Determine the purpose and scope of the tournament. It might be to promote sport fishing, to test the skills of the participants, to provide fellowship and camaraderie among the participants, or something else. Will this be a small one-time event, or part of something bigger?
Develop an organization to oversee the tournament, dividing the duties of planning and promotion among the group's members.
Choose the tournament date and location, and the species of fish that will be targeted by fishermen. Most freshwater tournaments focus on one species, such as largemouth bass or walleye.
Contact the state agency that oversees fishing regulations in the state where the tournament will be staged for both the state's bag limits, as well as to obtain any necessary permits to conduct the tournament.
Draft the contest rules and post them on the tournament website. Rules should cover entry fees and prize structure, scoring methods (total weight or point system), limits on number and size of fish (especially if more restrictive than state regulations), and rules on the handling of fish. Many fishing tournaments support bringing fish in alive and releasing them after weigh-in.
Appoint a coordinator to oversee the efforts of all of the people assigned to tasks.
Pick someone responsible for promoting the event through posters, newspaper advertising, radio, television and the Internet.
Have someone serve as the liaison with the state agency that oversees fishing and fishing tournaments.

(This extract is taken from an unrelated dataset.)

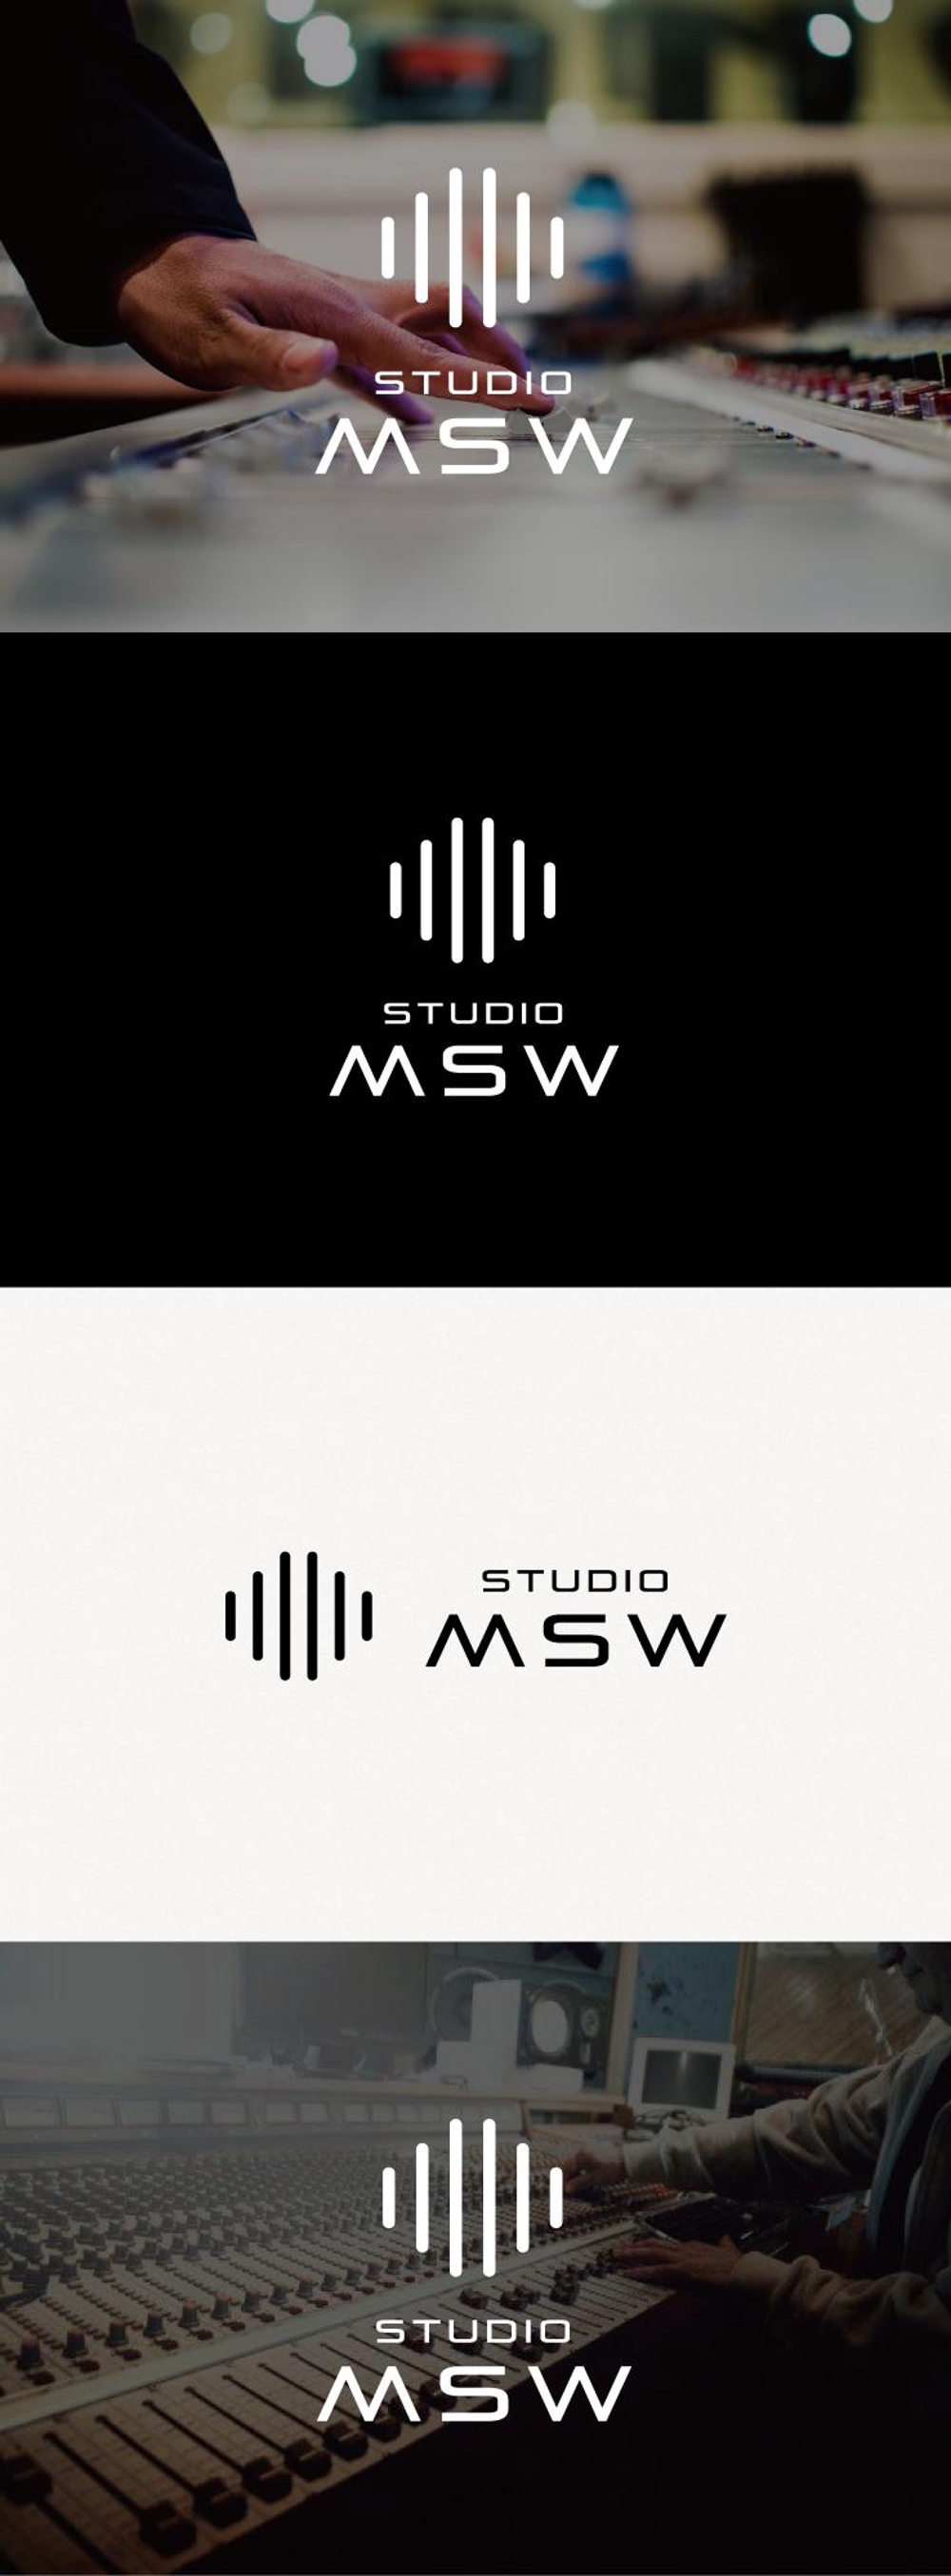 音楽リハーサルスタジオ「studio MSW」のロゴ

Get a mailing list of possible contestants from local fishing clubs or the like and send each prospective contestant an entry form and complete rules.

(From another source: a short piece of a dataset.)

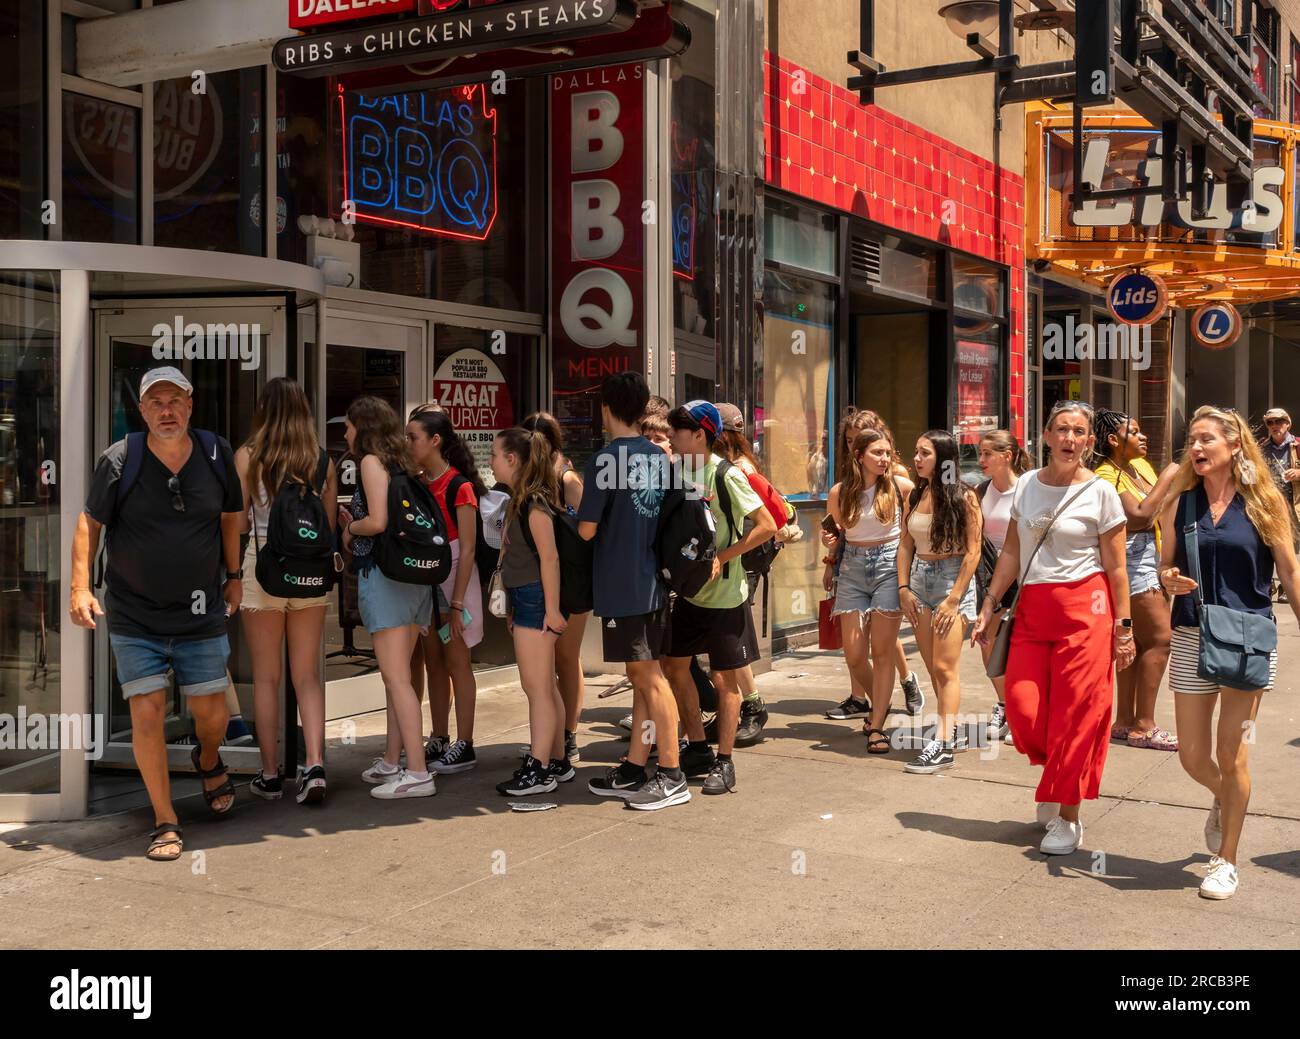 Die Gruppe steht am Samstag, den 8. Juli 2023, in Schlange, um das Dallas BBQ Restaurant am Times Square in New York zu betreten. © Richard B. Levine) Stockfoto

Arrange for lodging for all the fishermen competing in the tournament. This can be as simple as booking a campsite or as sophisticated as securing rooms in a nearby hotel.
Provide food for all of the anglers. Lunch can be sandwiches and soda given to each fisherman before he sets out, because the anglers will probably spend lunch hour on the water, while breakfast and dinner should be sit-down meals.
Contact local organizations as well as fishing equipment manufacturers to be sponsors and to provide prizes for the event.